Directions for this task: Each line of the data below between the one containing "Surreal Monk Of the World -Namaste Monk" and the one containing "Paninoteca Smile Trieste menù 1 pagina", both included, is to be repeated exactly. Please omit pictures.

Input material:

::::

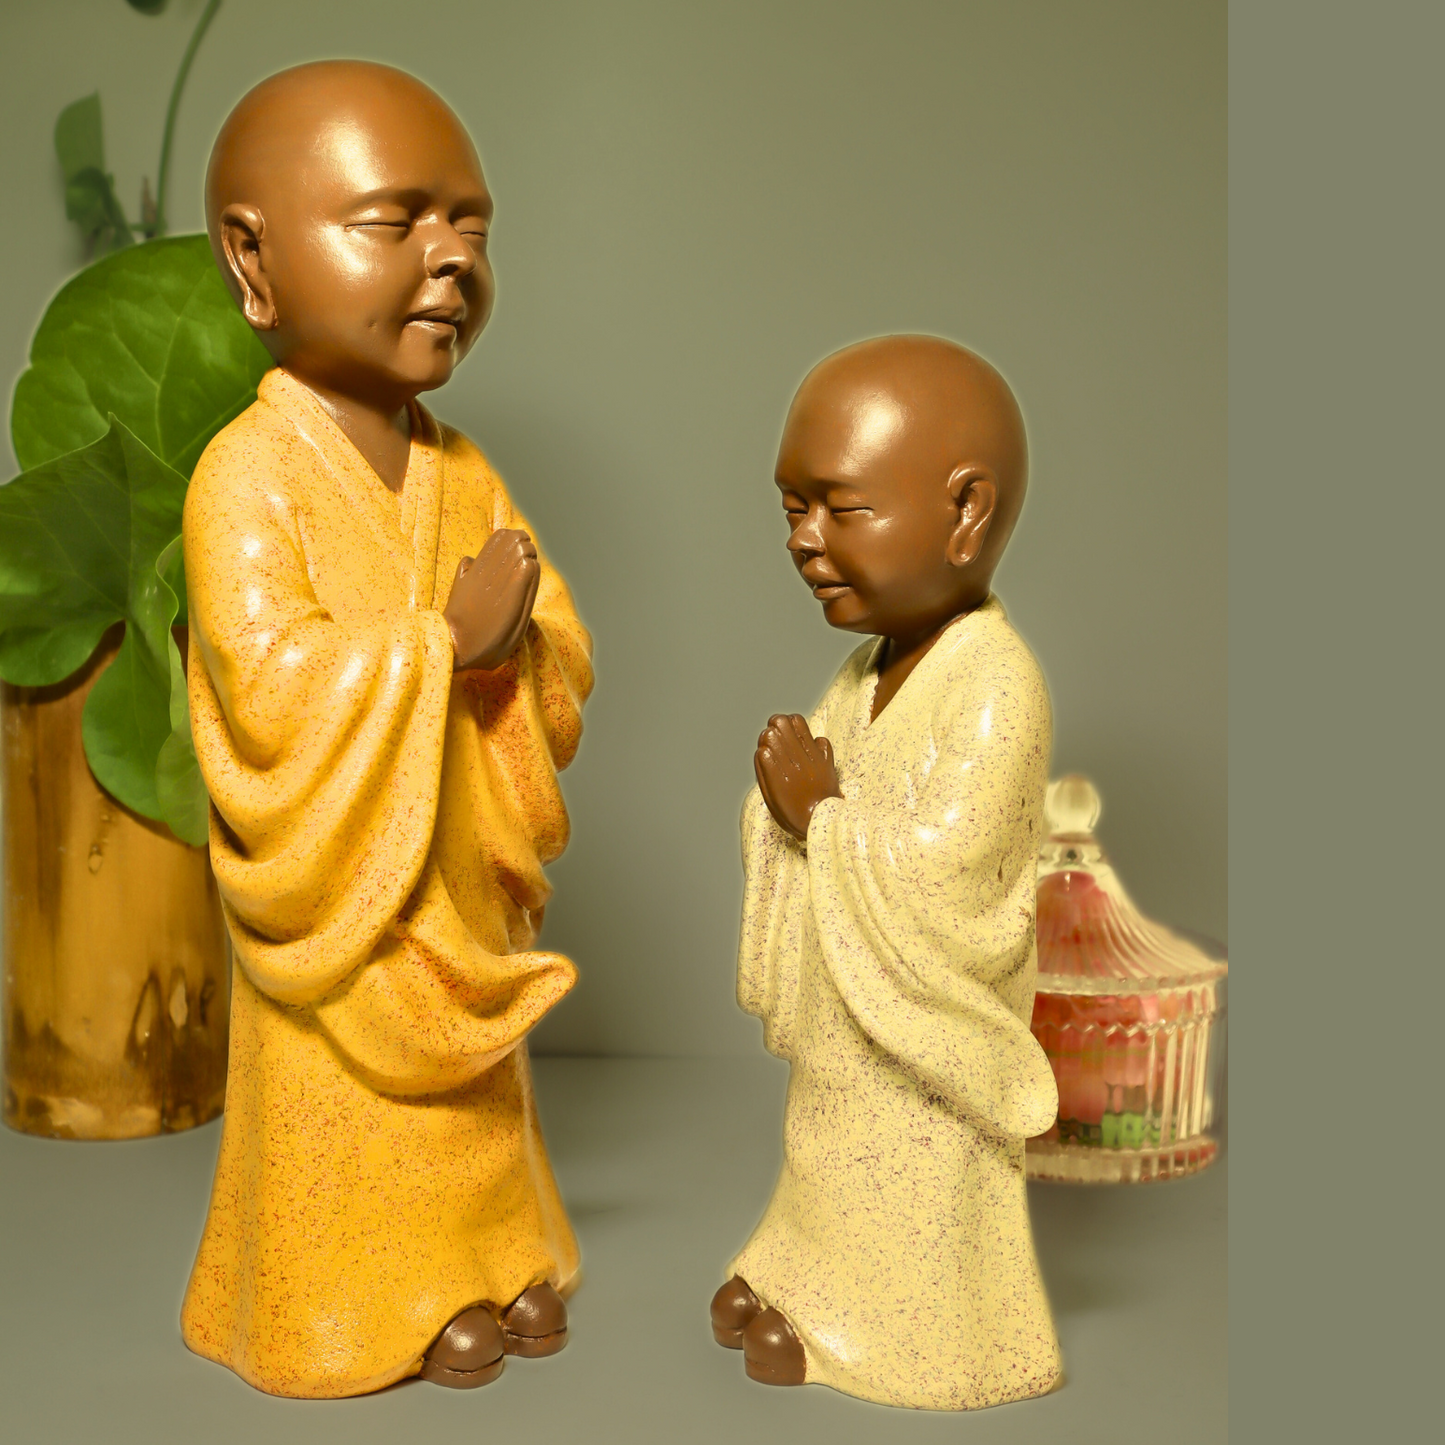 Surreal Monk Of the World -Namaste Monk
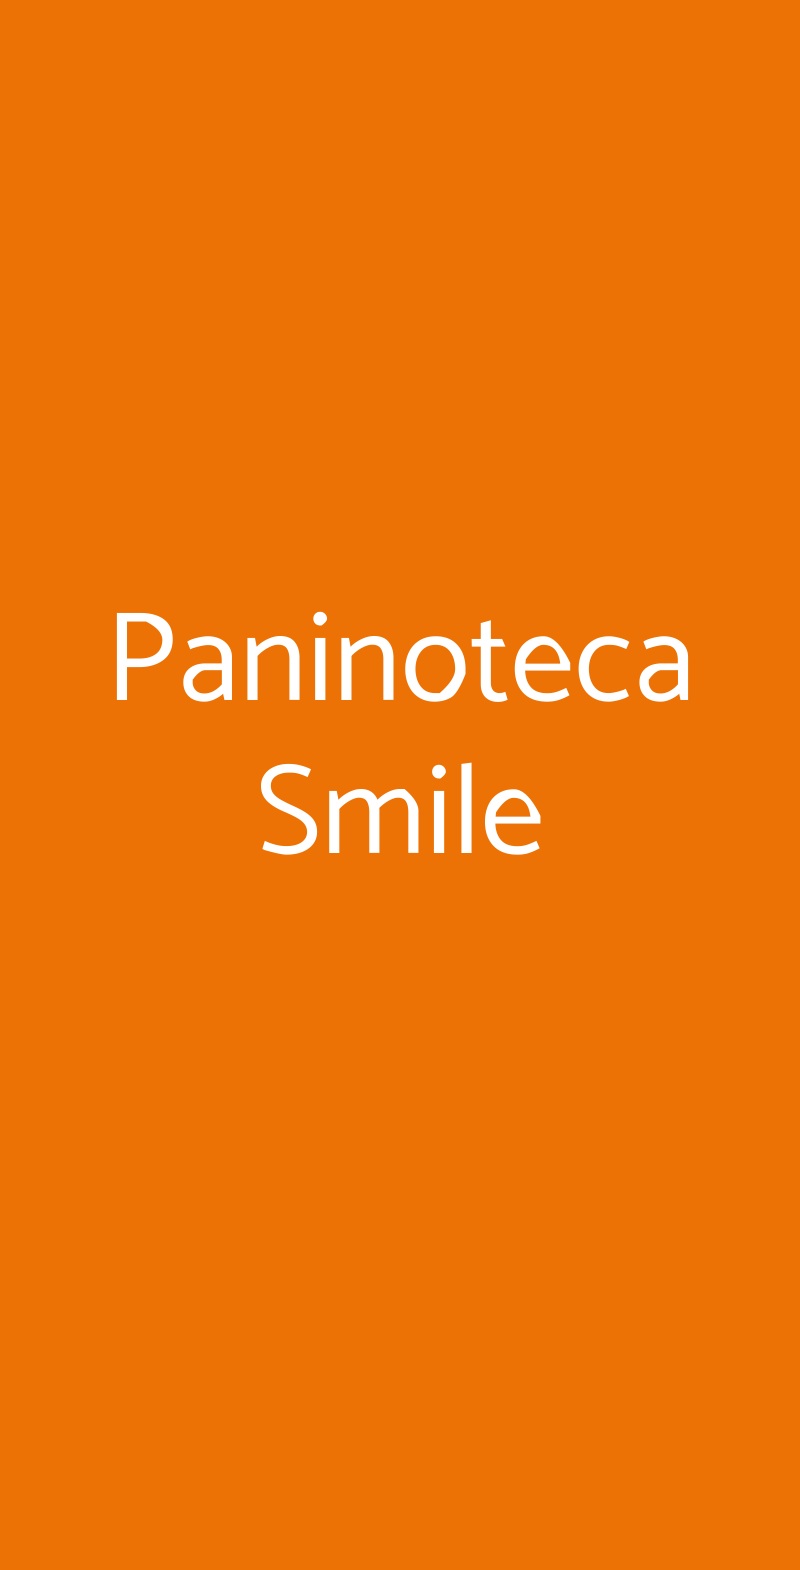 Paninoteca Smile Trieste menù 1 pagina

::::

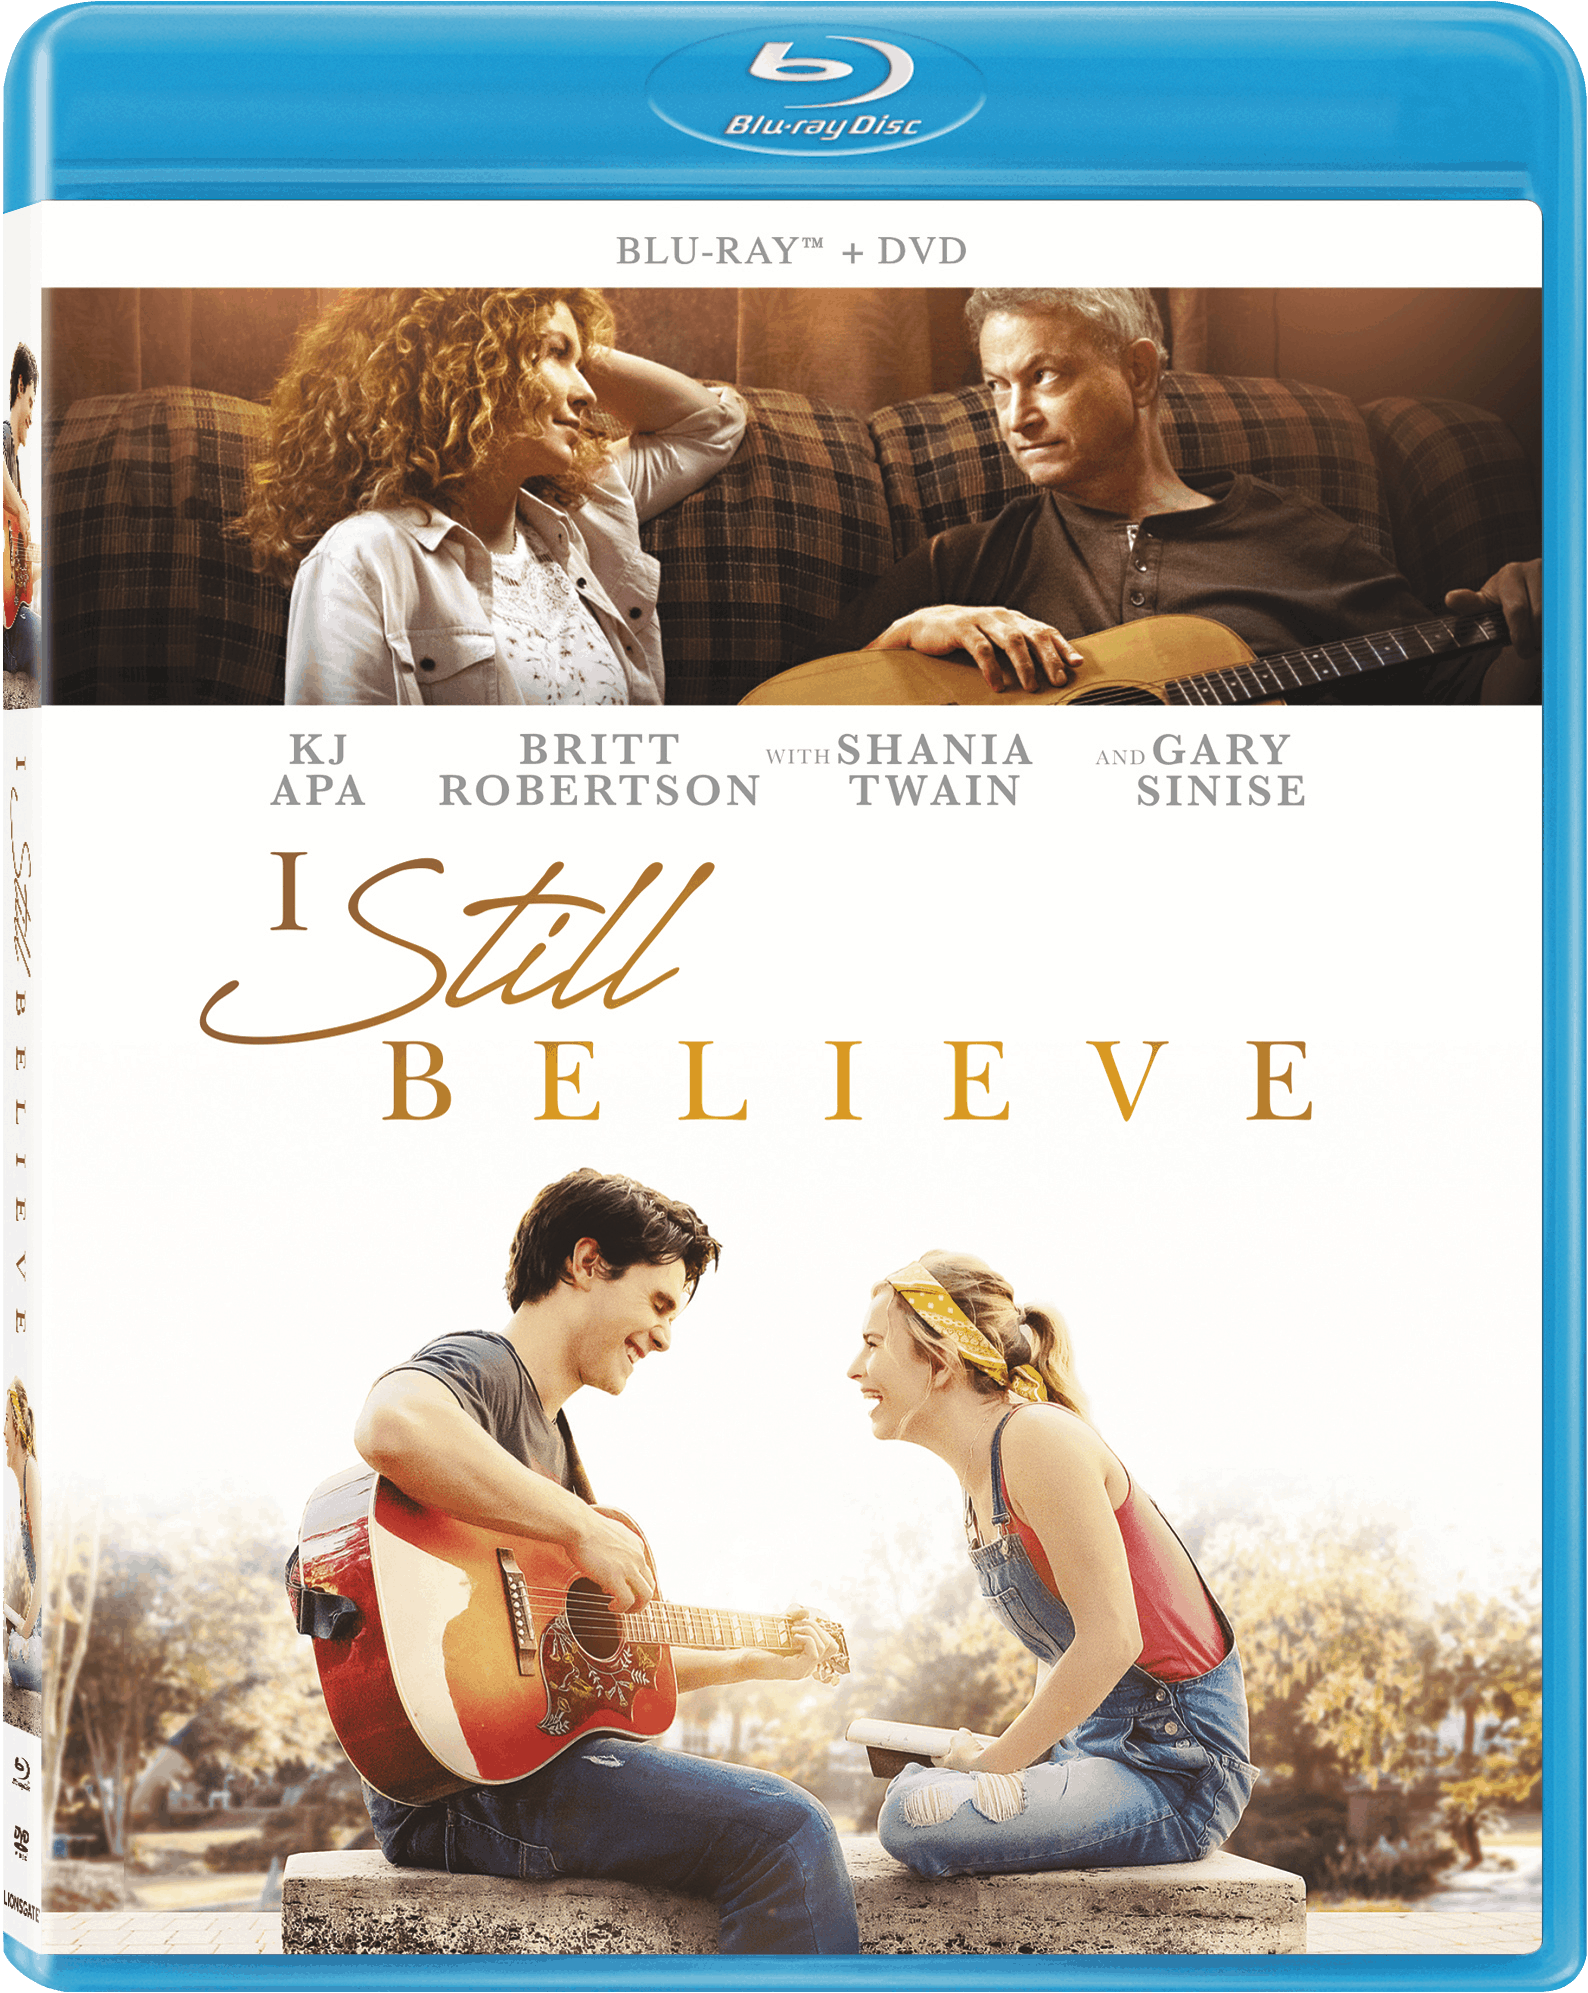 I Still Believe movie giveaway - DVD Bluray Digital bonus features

::::

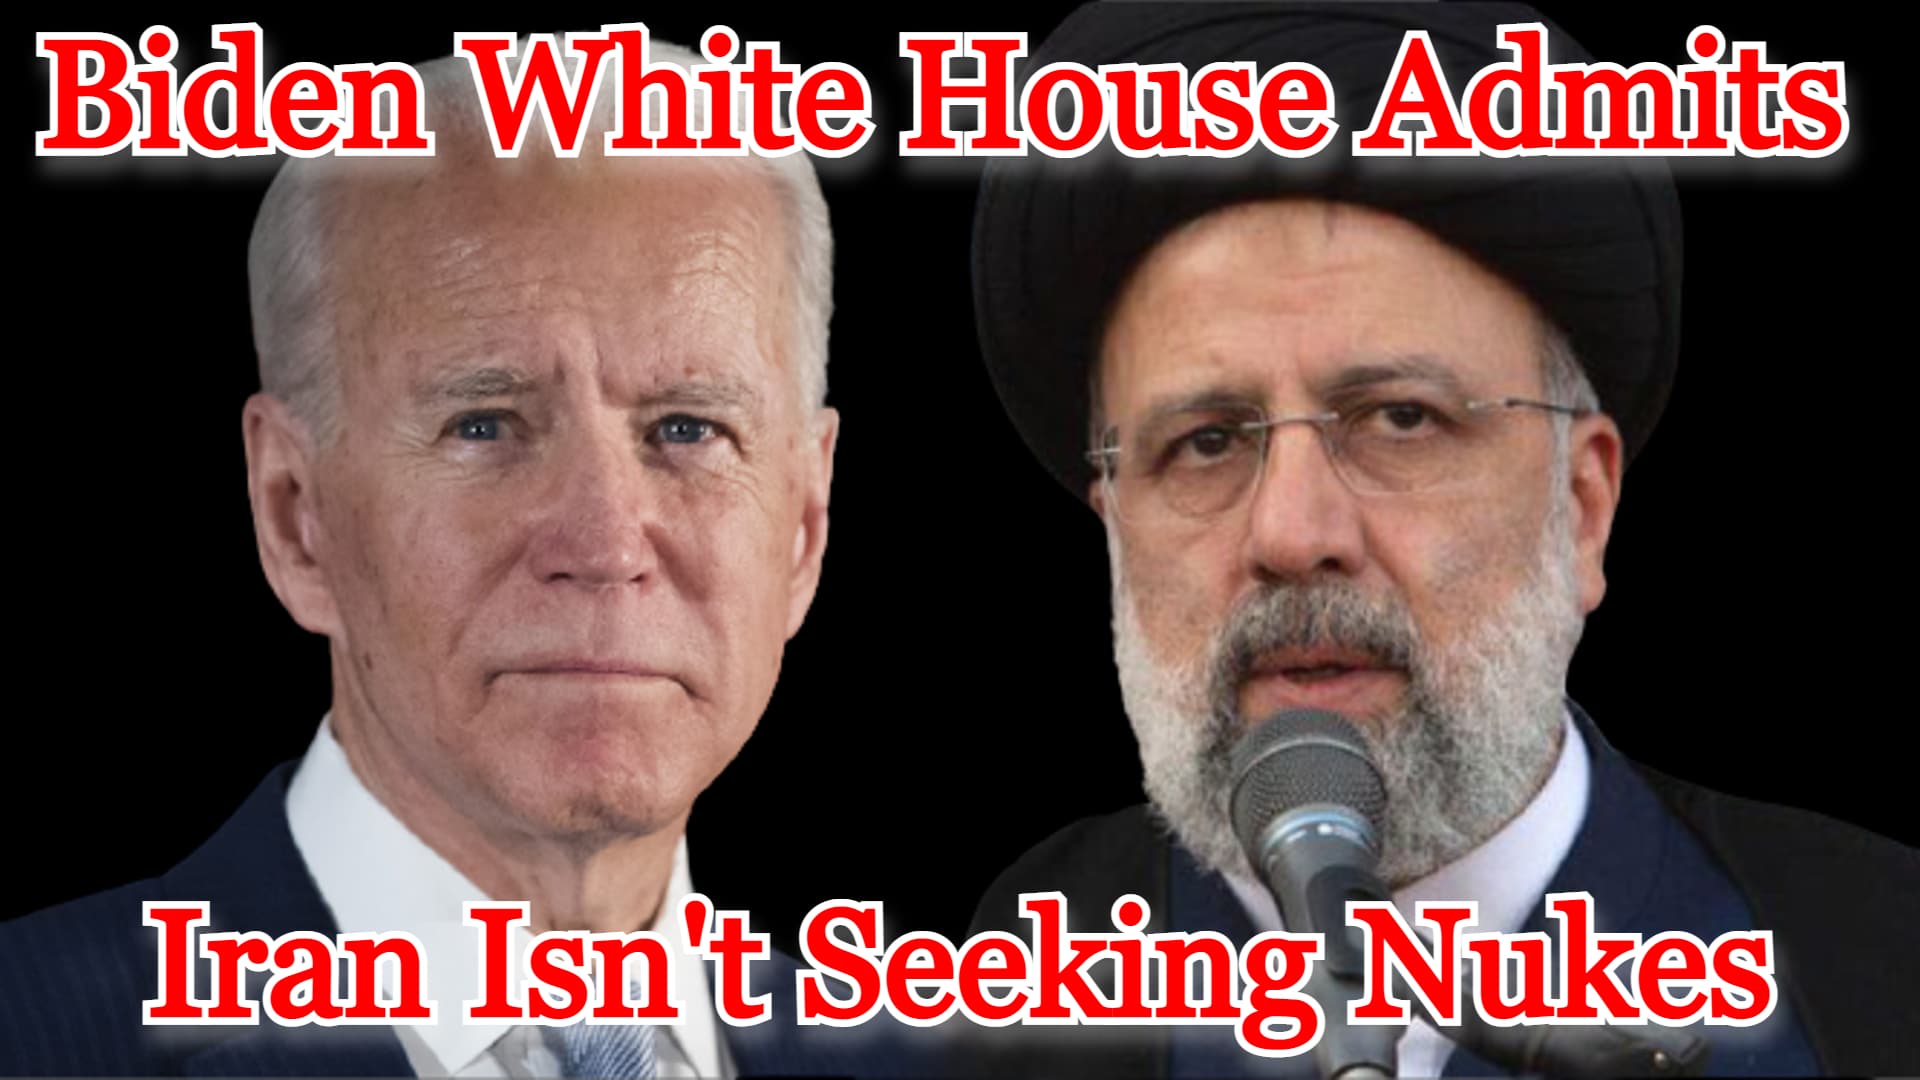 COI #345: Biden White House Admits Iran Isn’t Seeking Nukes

::::

Exercise result:
 Surreal Monk Of the World -Namaste Monk
 Paninoteca Smile Trieste menù 1 pagina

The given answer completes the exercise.